The PM said, “Under the leadership of the Brahma Kumaris, we can bring about an energy revolution and a revolution in human lives.”He was acknowledging the new solar thermal plant and the solar cooking applications being used there since 1997.“India has set the target of producing 175 gigawatts of energy from non-fossil fuel sources by 2030,” PM Modi added. How does the team combine a spiritual lifestyle with an advanced scientific project? Says BK Jayasimha, CEO, India One Solar Thermal Power Plant,“We have been working with solar energy since the last 22 years. As a spiritual organisation, our objective is to always develop something that is indigenous. Our aim was to develop something connected to the people here and to involve them.”The plant was built by the local people. ‘Make the project a part of their own story, their own project and let the local community identify itself with clean technology, then it gets accepted,’ is how the BKs see it.
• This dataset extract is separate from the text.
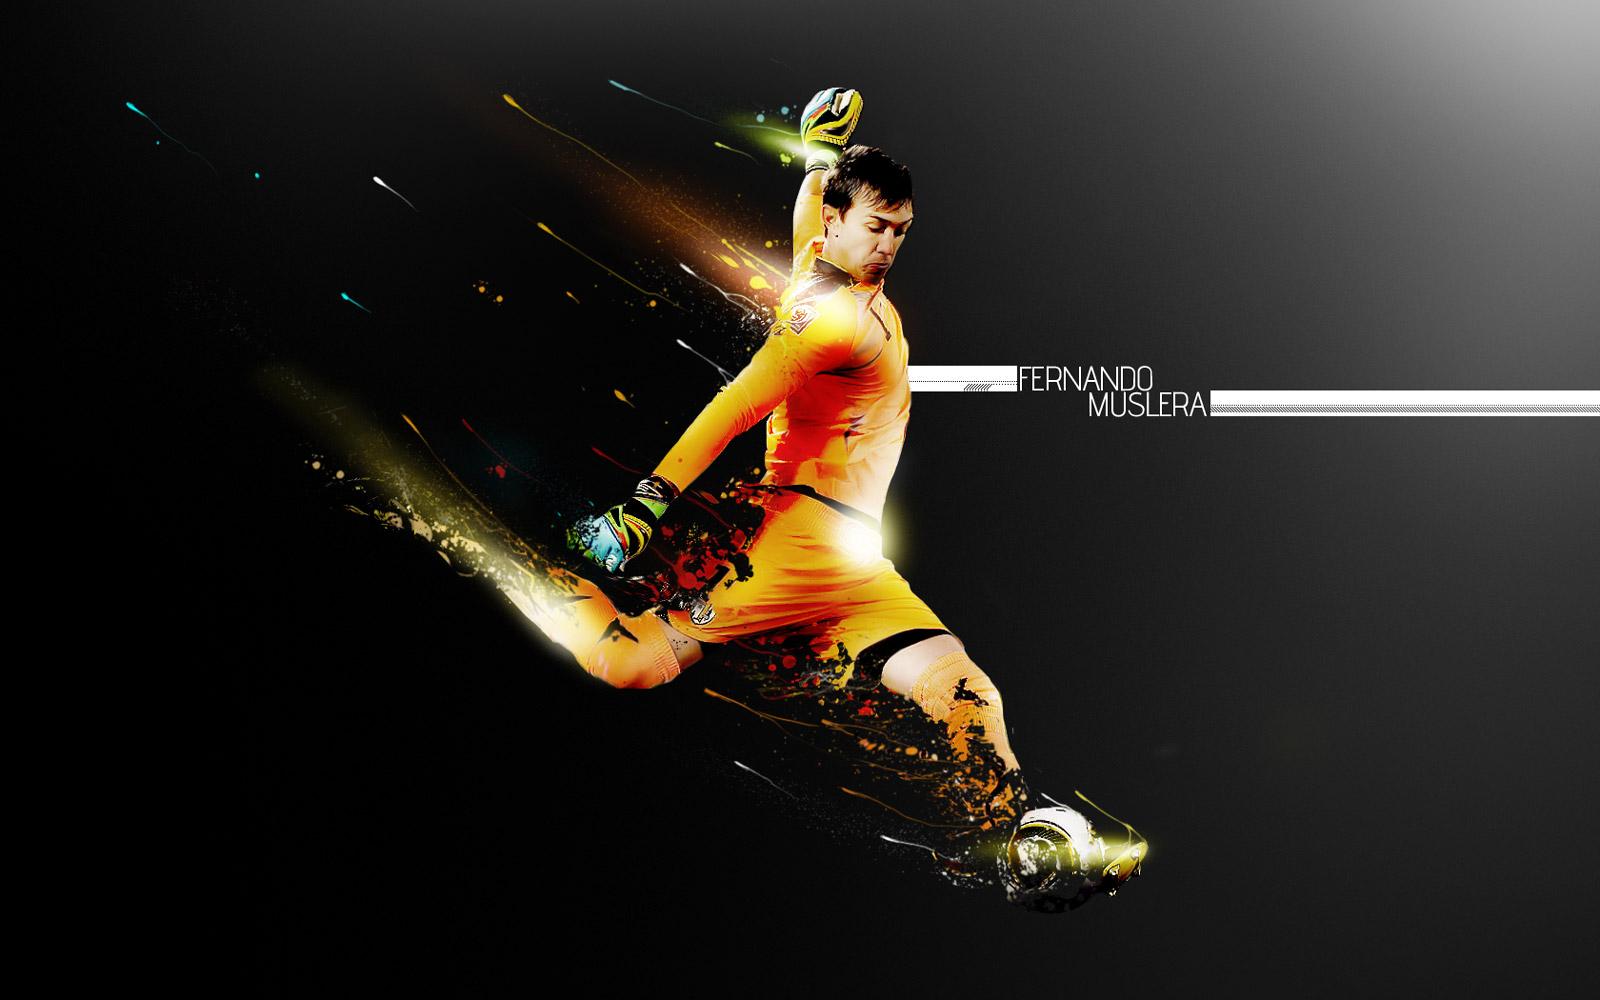 Fernando+Muslera_Galatasaray_2012+Wallpaper+galatasaray-duvar-kagıdı ...

Adds Jayasimha,“We have trained many people including engineers, free of cost, since the last 20 years.We developed our first solar cooker in 1997 at Gyan Sarovar, Mt Abu, and in 1999, the biggest solar cooker was put up at our Abu Road headquarters in Rajasthan. Then,we helped set up at least 500 solar cookers all over India in large organisations.We supported them technically. The unique thing about this plant is that because we use steam,we are able to store energy for the night.” Conventional solar plants still use coal, and batteries for storage for power requirements at night. Vinayak Bhai,another ‘surrendered’ BK — the word they use to describe the almost 10,000 brothers and sisters who are renunciates and have given up family life and material pleasures to serve the community — gives us some technical specifications of the project: “The plant has 765 parabolic reflectors called Scheffler dishes, each with a mirror surface area of 60 sq mt and is built on 55 acres of land.”

Reuse Is The Key

The term ‘reuse’,synonymous with such projects is naturally a keyword here.Vinayak Bhai tells us that the area between the reflectors too will be used to grow vegetables.Moreover,the plant is completely pollution-free and truly harnesses nature’s power. “Even the packing pine wood of the mirrors that came from Germany has been used to make furniture and other structures,” he points out. The project cost was around Rs 80 crore — with contributions from the German and Indian governments and from the BKs. Projects like these give hope that India, with its abundance of sunshine, can easily lead from the front, supplying clean energy for all of the country’s needs.The goals of the BKs are in synergy with the government’s goal of energy generation from alternative sources. BK Aneta Loj, from Poland, is their manager, research and development at the solar plant. She said: “PM Modi mentioned so much about solar energy and said that we must do more and that we must support the government’s initiatives.” It isn’t always that a spiritual organisation leads in a cutting-edge field such as solar power generation.The BKs are also the largest institutional user of solar energy in the country. They realise that the world is in trouble, with the population of planet earth using up the resources of not one, but 1.6 earths.The BKs warn that trends towards materialism and overconsumption, will lead to a crisis, reminding us of M K Gandhi’s words, spoken 80 years ago: ‘Earth provides enough to satisfy every man’s needs, but not every man’s greed’.